AVAILABLE DATA:
○ ○ ○ ○ ○

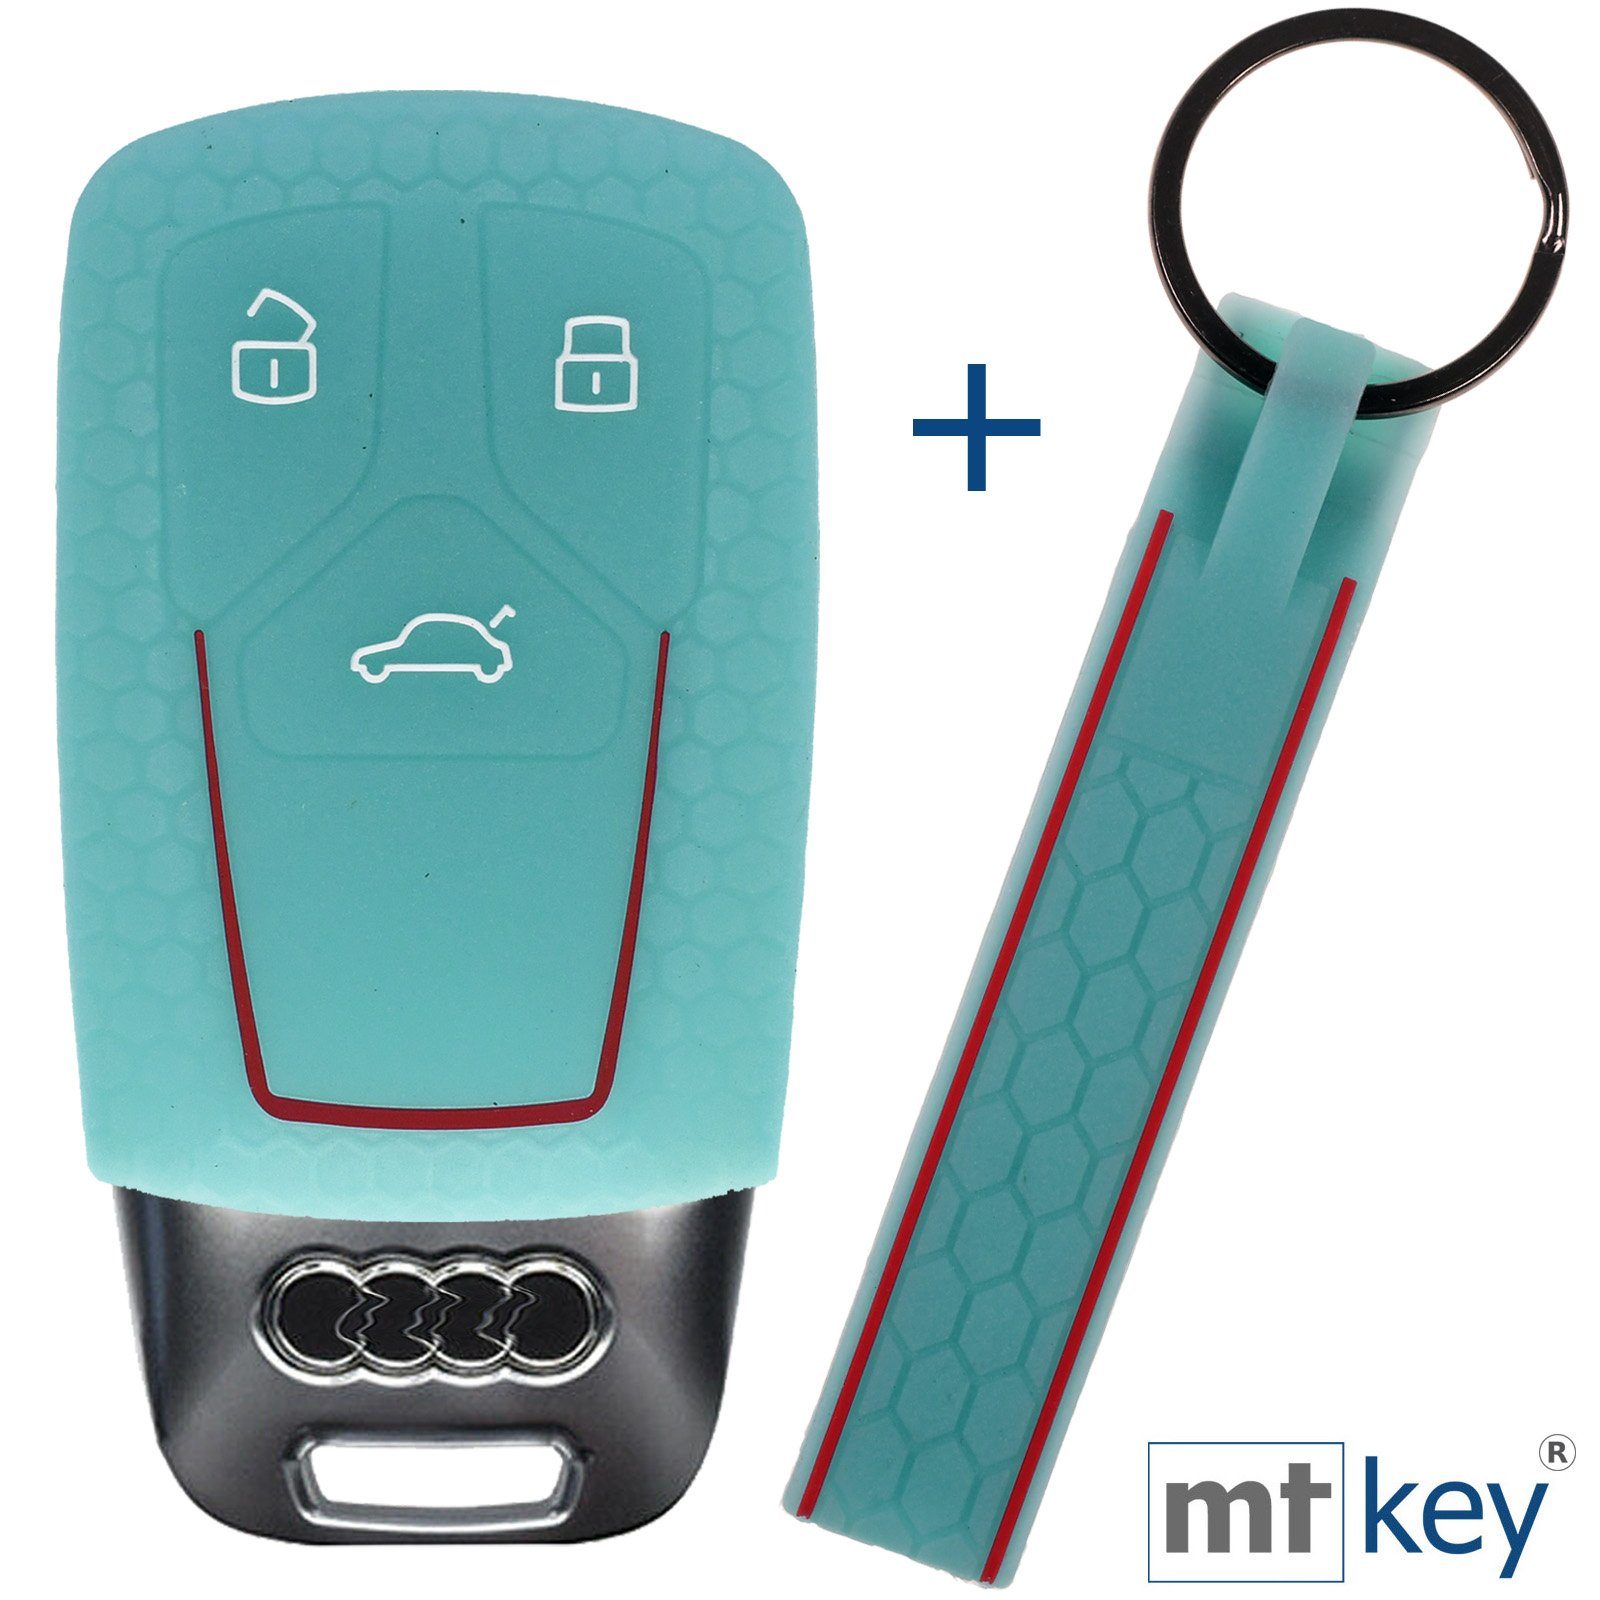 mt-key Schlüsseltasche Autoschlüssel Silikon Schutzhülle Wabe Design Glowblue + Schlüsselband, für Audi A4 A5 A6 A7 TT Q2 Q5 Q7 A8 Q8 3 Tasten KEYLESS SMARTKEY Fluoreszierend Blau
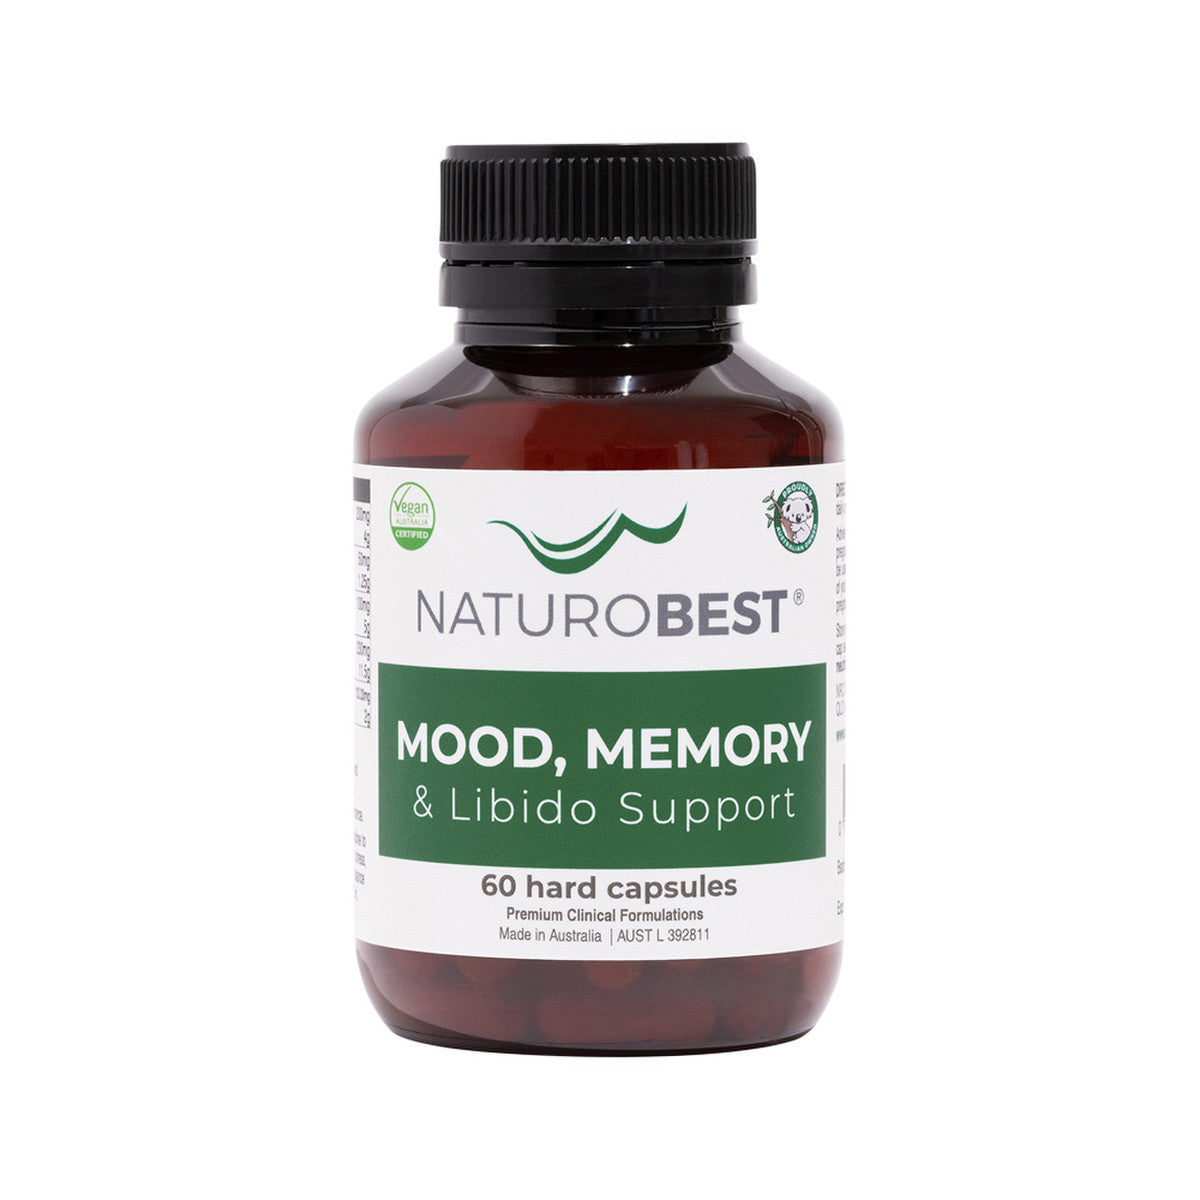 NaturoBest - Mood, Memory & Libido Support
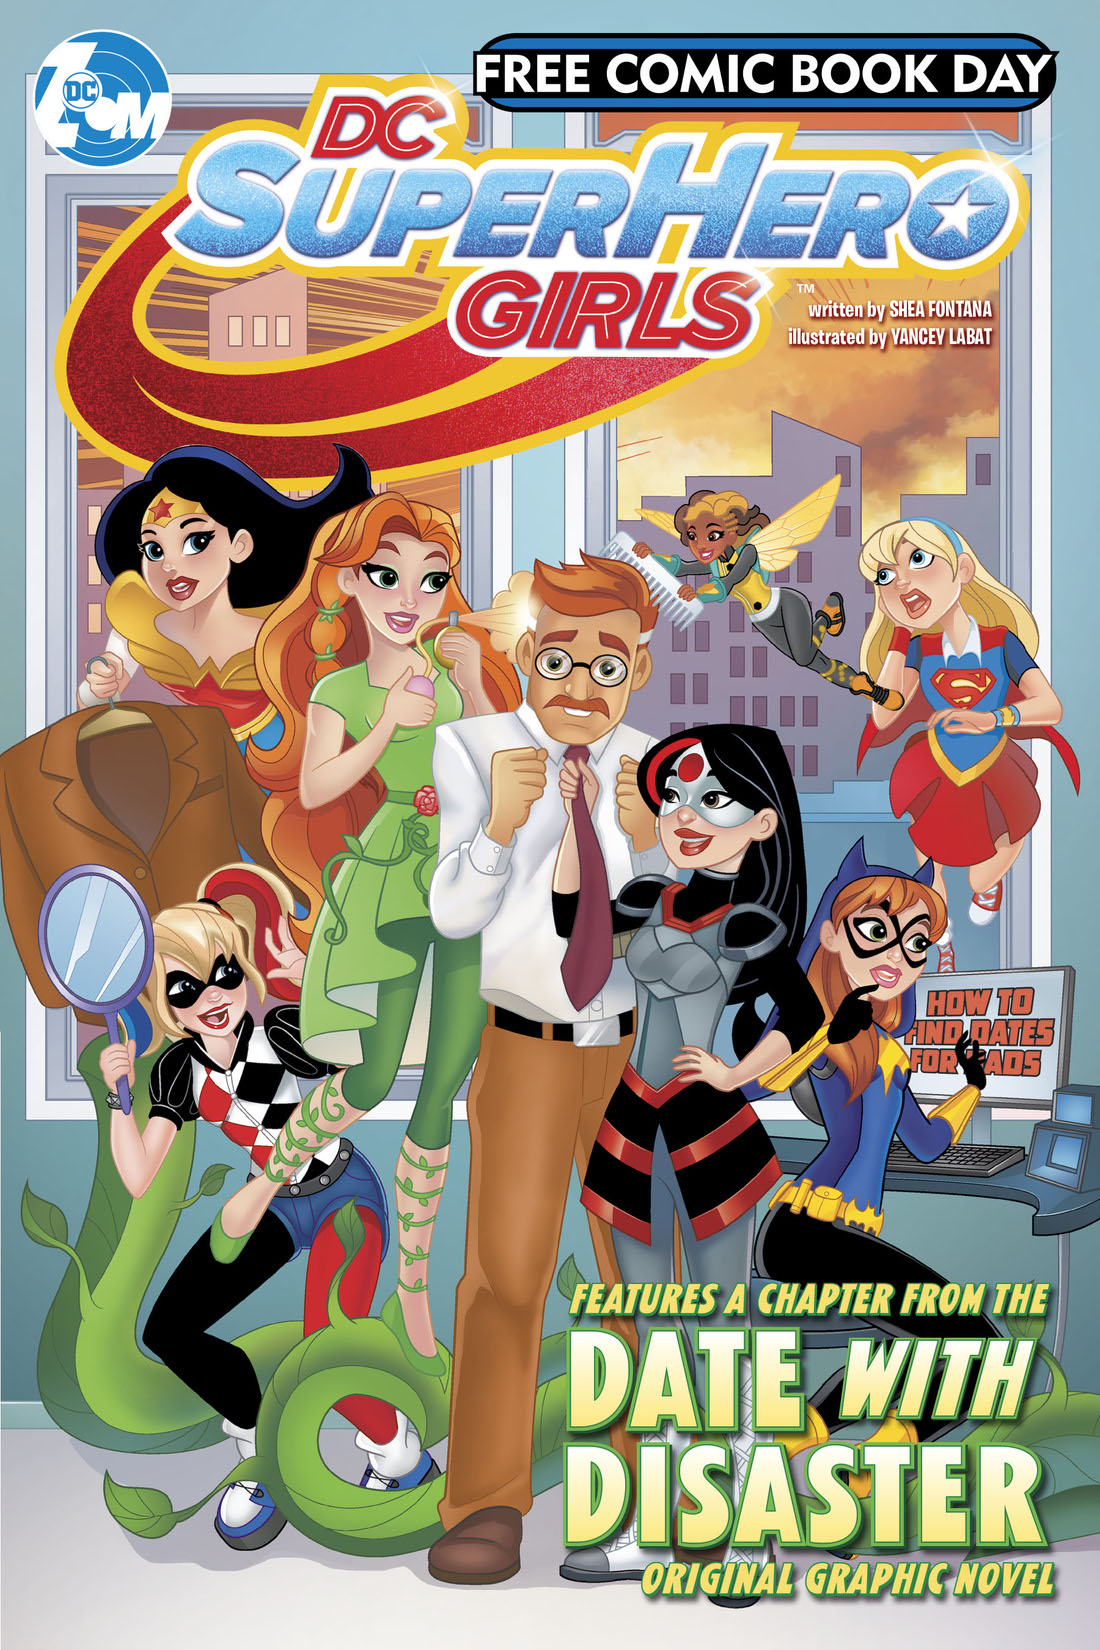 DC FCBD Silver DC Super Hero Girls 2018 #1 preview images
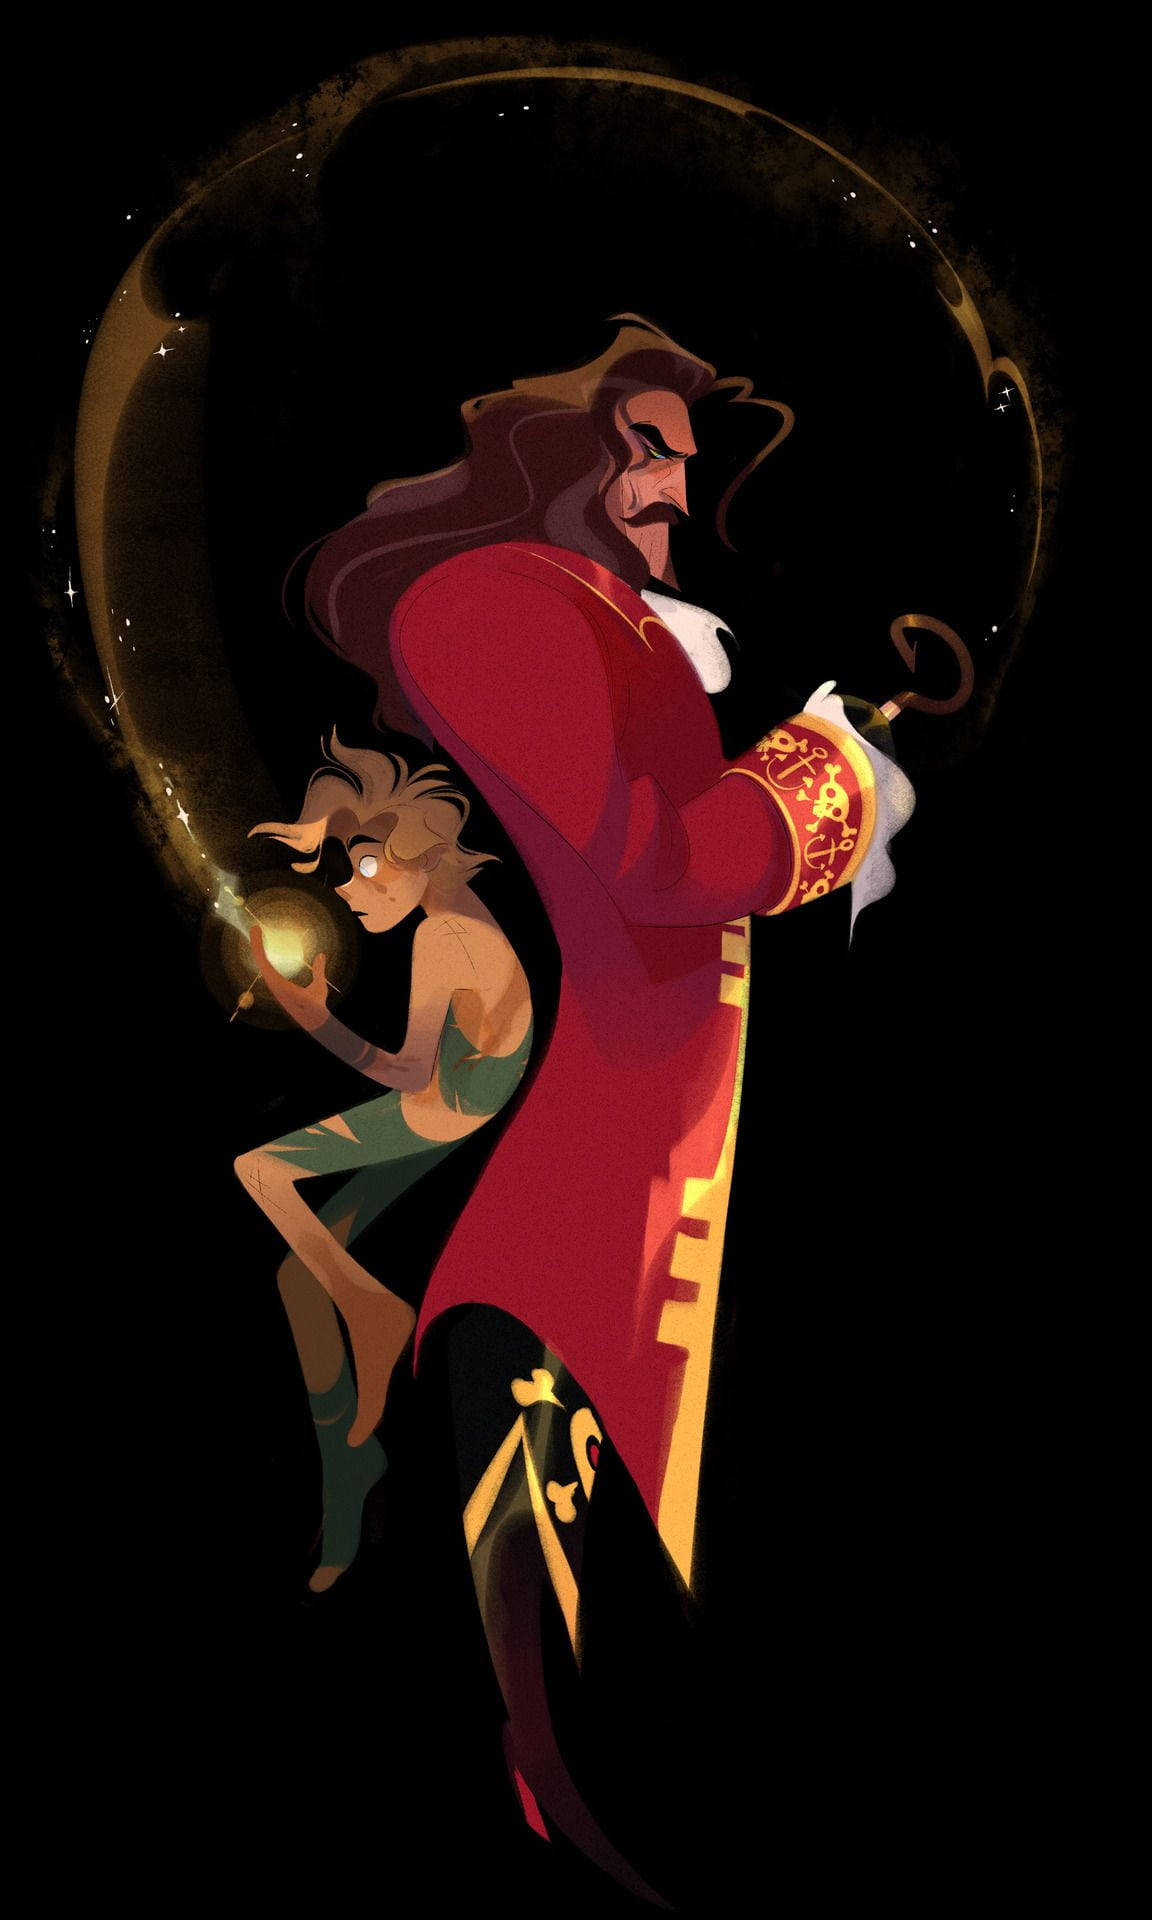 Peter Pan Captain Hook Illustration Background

○ ○ ○ ○ ○

TASK BRIEF:
Reproduce the material word for word, pictures excluded.

OUTPUT OF THE EXERCISE:
 mt-key Schlüsseltasche Autoschlüssel Silikon Schutzhülle Wabe Design Glowblue + Schlüsselband, für Audi A4 A5 A6 A7 TT Q2 Q5 Q7 A8 Q8 3 Tasten KEYLESS SMARTKEY Fluoreszierend Blau
 NaturoBest - Mood, Memory & Libido Support
 DC FCBD Silver DC Super Hero Girls 2018 #1 preview images
 Peter Pan Captain Hook Illustration Background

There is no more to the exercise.